Starting with Elasticsearch 5.0, it’s forbidden to start an embedded Elasticsearch. The NodeBuilder class used above doesn’t exist anymore, and most of classes used to start Elasticsearch as a server are hidden and sealed. In short, it’s not as easy as before to test your Elasticsearch access layer, Java developers have lost their advantage of using the same language as Elasticsearch. Most solutions described in this article can probably apply to other languages: Ruby, Python, JavaScript…​

Let’s see which options are left.

Elasticsearch Testing framework

This test framework is used by the Elastic team to test Elasticsearch itself. Undercover, it uses the Randomized Testing which is also used to test Apache Lucene. This library can be downloaded as a Maven dependency:

<dependency>
  <groupId>org.elasticsearch.test</groupId>
  <artifactId>framework</artifactId>
  <version>5.0.1</version>
  <scope>test</scope>
</dependency>

It contains an ESIntegTestCase which is able to bootstrap an Elasticsearch for tests:

public class CustomerDaoTests extends ESIntegTestCase {

}

It looks simple and convenient, but for the average Java developer, this library raises multiple problems:

  • It brings numerous dependencies in your test environment (Log4J2, Commons *…​)
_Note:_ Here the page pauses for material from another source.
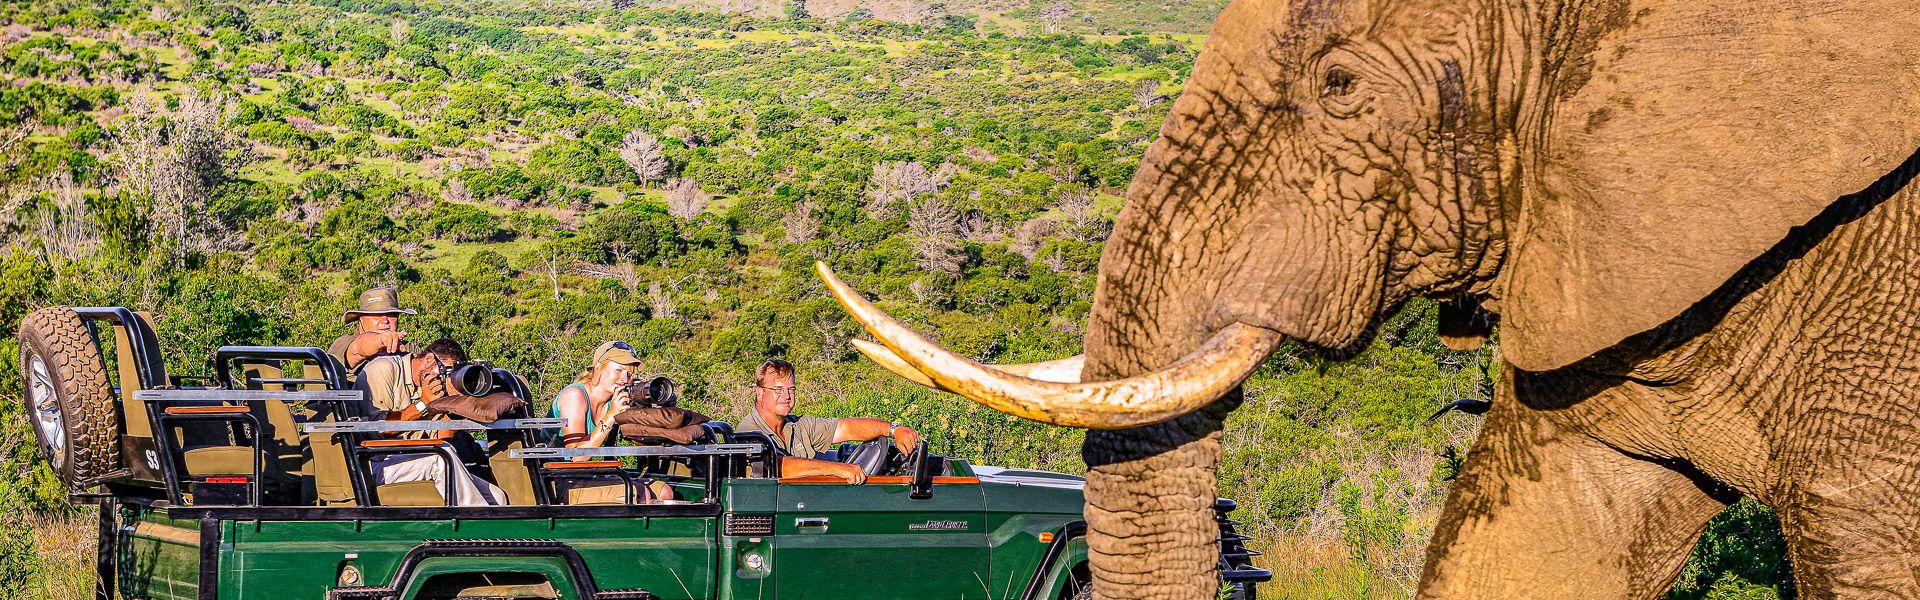 Südafrika und Eswatini Krüger Afrika Erlebnis-Reisen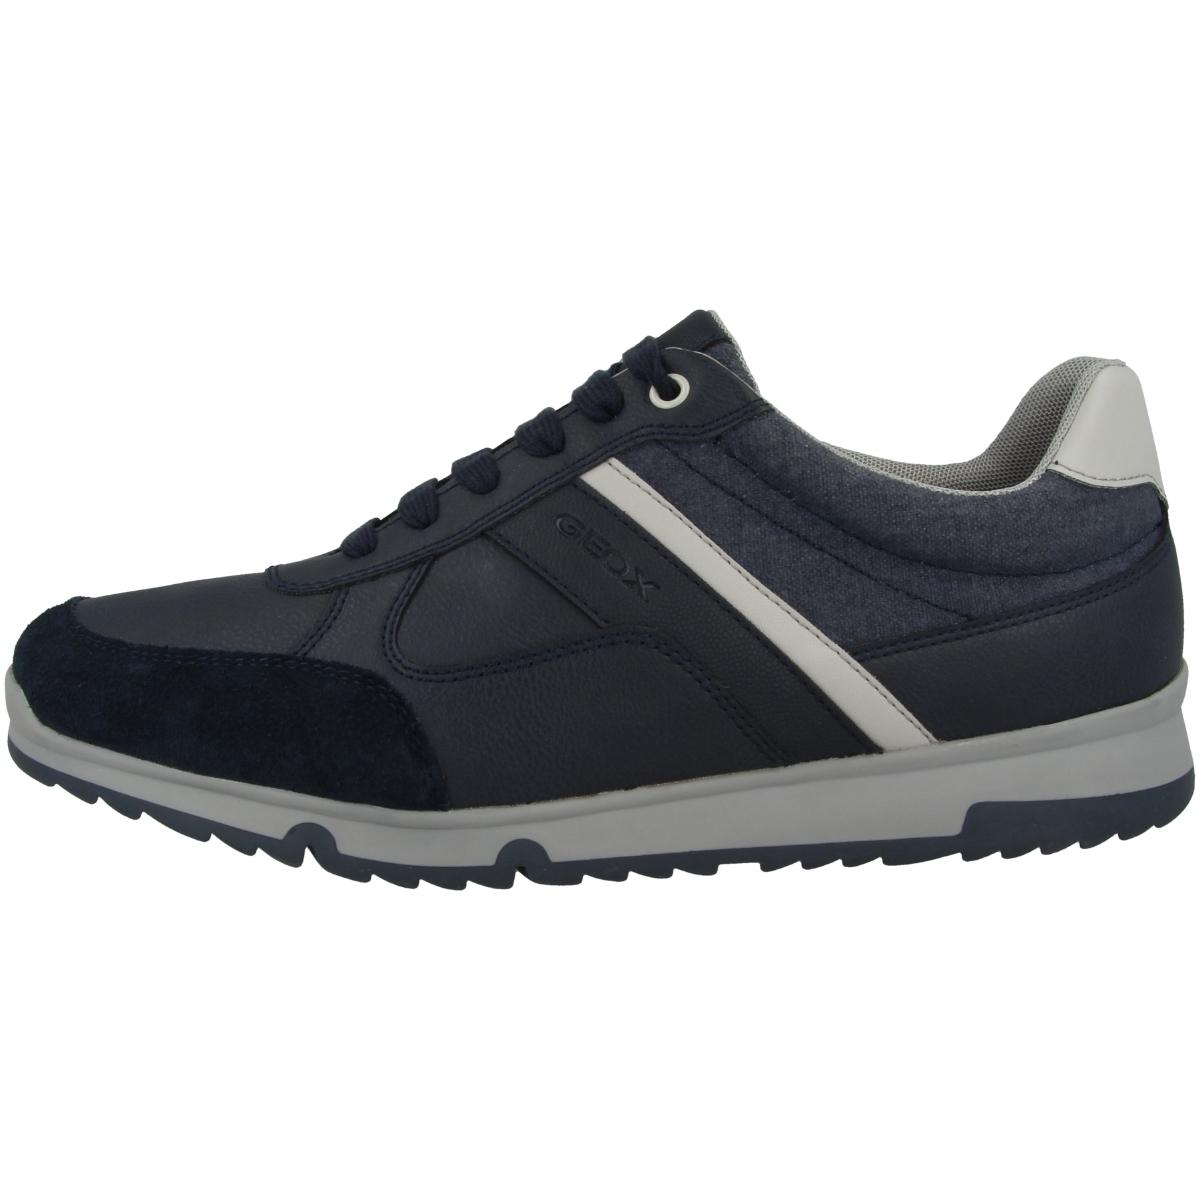 Geox U Wilmer A Chaussures Men Hommes Sneaker Chaussures Basses Chaussure Lacée U 023 XA 0 menbc

  • It doesn’t mix properly with usual libraries (see jar hell error below)

  • It enforces security by enabling Java’s Security Manager (see access denied error below)

  • It doesn’t support HTTP protocol (only internal transport procol)

java.lang.RuntimeException: found jar hell in test classpath

	at org.elasticsearch.bootstrap.BootstrapForTesting.<clinit>(BootstrapForTesting.java:90)
	at org.elasticsearch.test.ESTestCase.<clinit>(ESTestCase.java:145)


java.security.AccessControlException: access denied ("java.lang.RuntimePermission" "accessDeclaredMembers")

	at java.security.AccessControlContext.checkPermission(AccessControlContext.java:472)

In short, this library is appropriate to develop an Elasticsearch plugin, but that’s all.

If we can not start Elasticsearch from inside the test, let’s start it from outside.

Elasticsearch scripting

From now on, we will start a real Elasticsearch process, we won’t use anymore a slimmed down version with specifics settings. Our tests will get more realistic, but also harder to set up.

In order to automate test execution, my first solution is to create a script to install and start Elasticsearch. This script can later be ran from CI configuration, before running the build script (Maven, Gradle…​).

Here is a short example:

elasticsearch-start.sh
#!/usr/bin/env bash

TARGET_DIR="$(dirname $0)/target"
ES_VERSION=5.0.0
ES_DIR=${TARGET_DIR}/elasticsearch-${ES_VERSION}
mkdir -p ${TARGET_DIR}

ES_TAR=${TARGET_DIR}/elasticsearch-${ES_VERSION}.tar.gz
ES_URL=https://artifacts.elastic.co/downloads/elasticsearch/elasticsearch-${ES_VERSION}.tar.gz
curl -o ${ES_TAR} ${ES_URL}                                                     (1)
tar -xzf ${ES_TAR} -C ${TARGET_DIR}                                             (2)

cd ${ES_DIR}
bin/elasticsearch -d -p pid                                                     (3)

sleep 10s
curl "http://localhost:9200/_cluster/health?wait_for_status=yellow&timeout=30s" (4)
1 Download Elasticsearch. We could also download it from a corporate repository (Nexus, web server…​).
2 Unzip the downloaded archive.
3 Start Elasticsearch as a background process and keep it’s PID so as to be able to stop it at the end.
4 Wait for Elasticsearch to be up and running.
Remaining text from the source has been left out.